MARTÍN S, MUÑOZ L, PEREZ A, SOBRERO G, PICOTTO G, OCHETTI M, CARPENTIERI A, SILVANO L, DIAZ DE BARBOZA G, SIGNORINO M, RUPEREZ C, BERTOLOTTO P, ULLA M, TOLOSA DE TALAMONI N, MIRAS M

SALVADOR DE BAHIA, BRASIL

Congreso; SLEP 2010; 2010

SOCIEDAD LATINOAMERICANA DE ENDOCRINOLOGIA PEDIATRICA

We investigated final height and clinical and biochemical indicators of the outcome of glucocorticoid  therapy in patients with different clinical forms of Congenital Adrenal Hyperplasia (CAH) due to 21- hydroxylase deficiency. The frequencies of polymorphisms of different genes and their associations with parameters of bone metabolism and IGF systems were analyzed. SUBJECTS AND METHODS: In 59 patients with CAH (age 0.5 – 34 years) 17-OH Progesterone, Androstenedione, DHEA-S, testosterone, Osteocalcin,  B-crosslaps ,IGF1, and IGFBP3 were determined. Using PCR-RFLP methods, vitamin D receptor (Bsm I and Fok I), estrogen receptor (PVU II), type 1 collagen (Bal I), glucocorticoid receptor (Bcl I) gene polymorphisms and IGF1 microsatellites were determined in CAH and 114 normal controls. Final height was analyzed in 43 CAH patients. Results: SDS Final height was: male -1.46, female -0.96. The relative frequencies of the polymorphisms analyzed between groups and the healthy controls were similar.
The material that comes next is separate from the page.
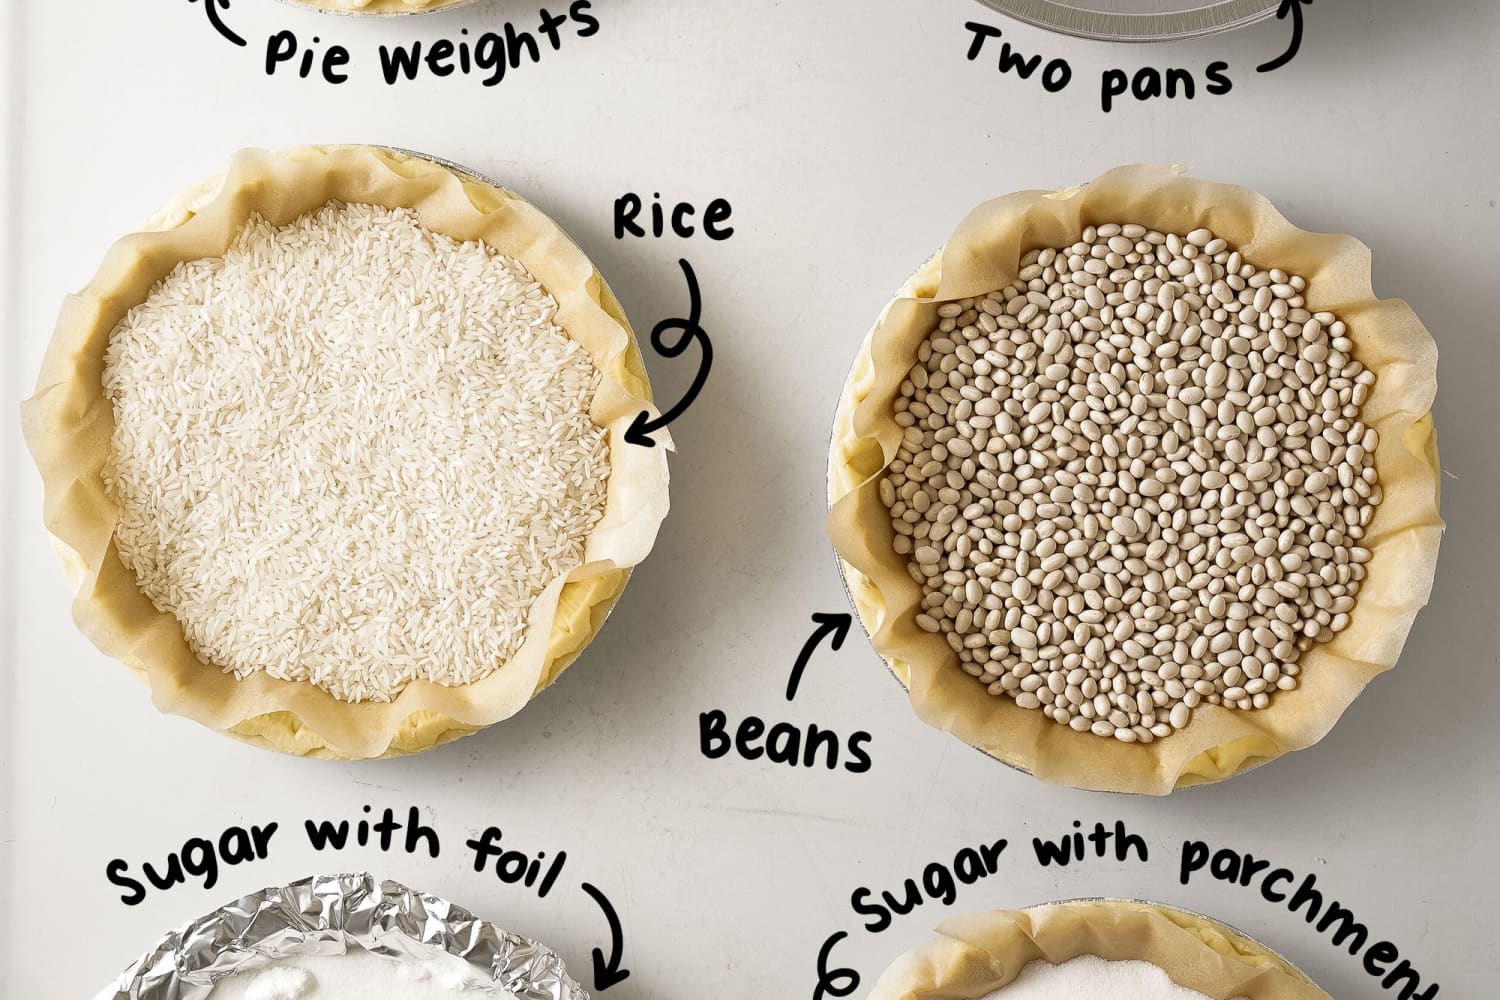 What are Pie Weights? And When Should I Use Them?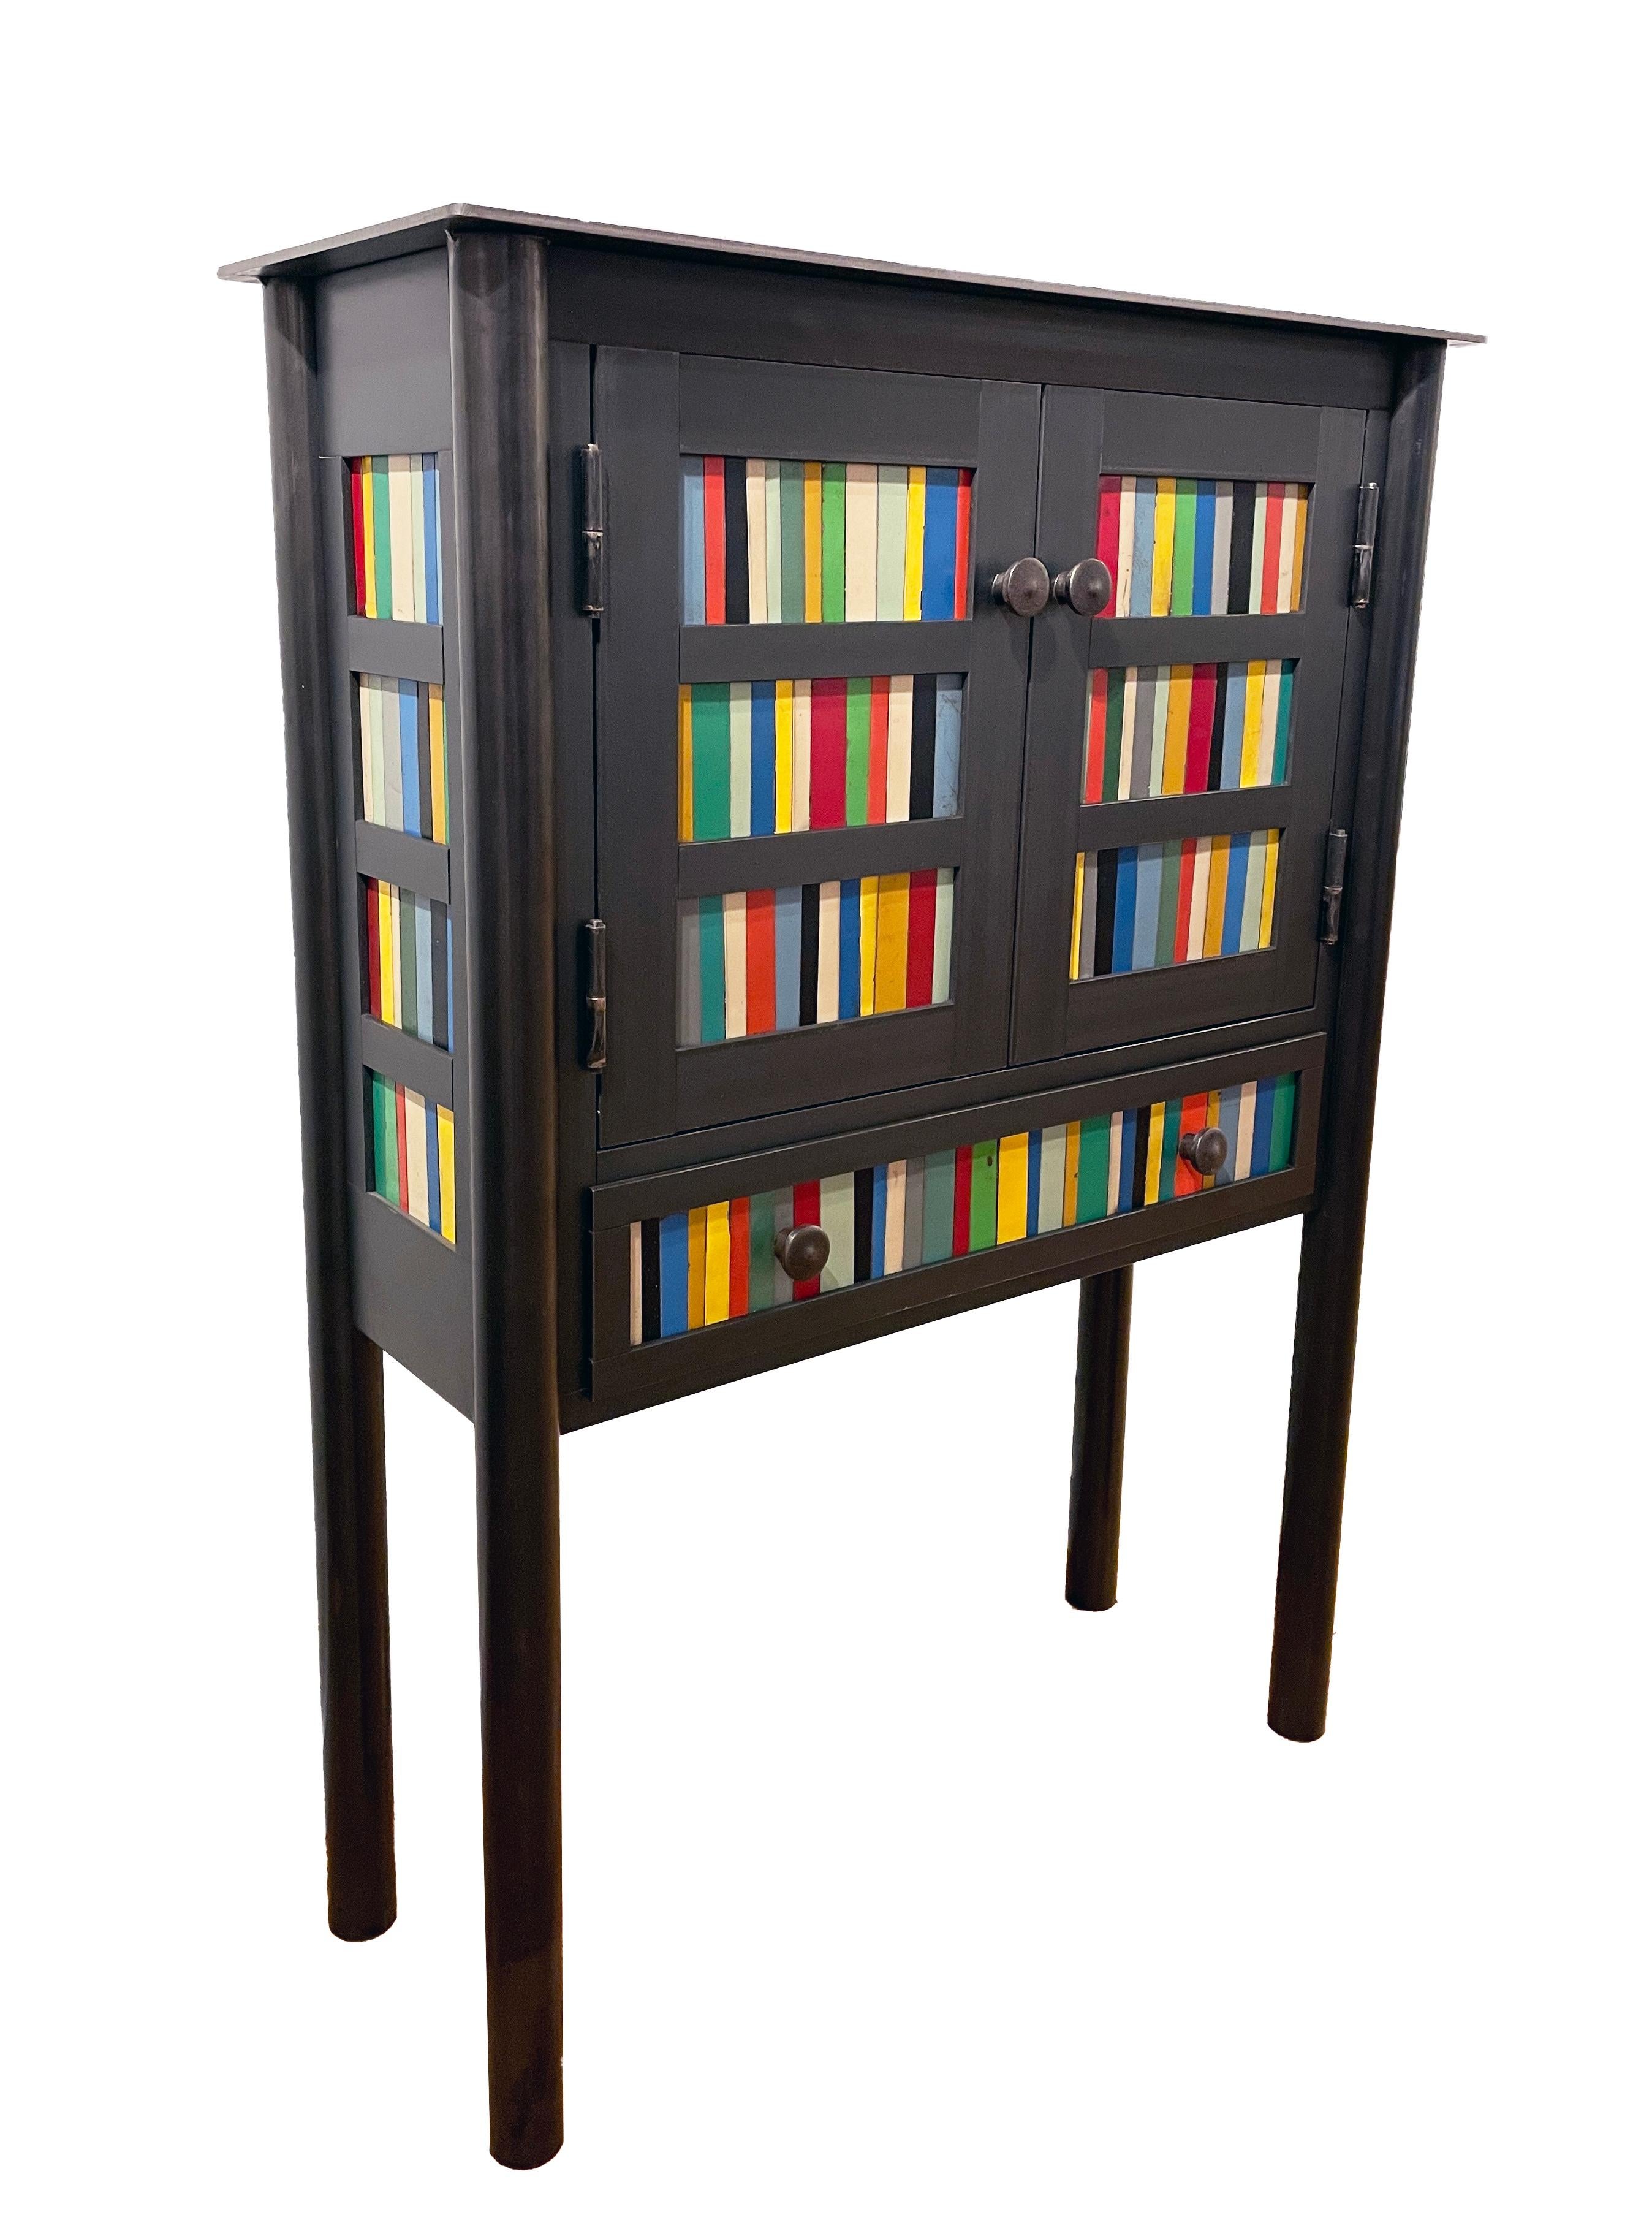 This modern cabinet is made from hot-rolled steel with the front and side panel designs based on the gees bend quilts. Each panel is unique with the use of painted steel strips that are salvaged. Its brightly colored pieces enhance the Industrial

No significant associations were found between these genotypes and bone turnover markers, IGF system or bone mineral density.CONCLUSIONS: Our data show that the parameters of bone metabolism and the genotypes analyzed, with a distribution comparable to the normal population, do not yet explain the different results obtained with the treatment.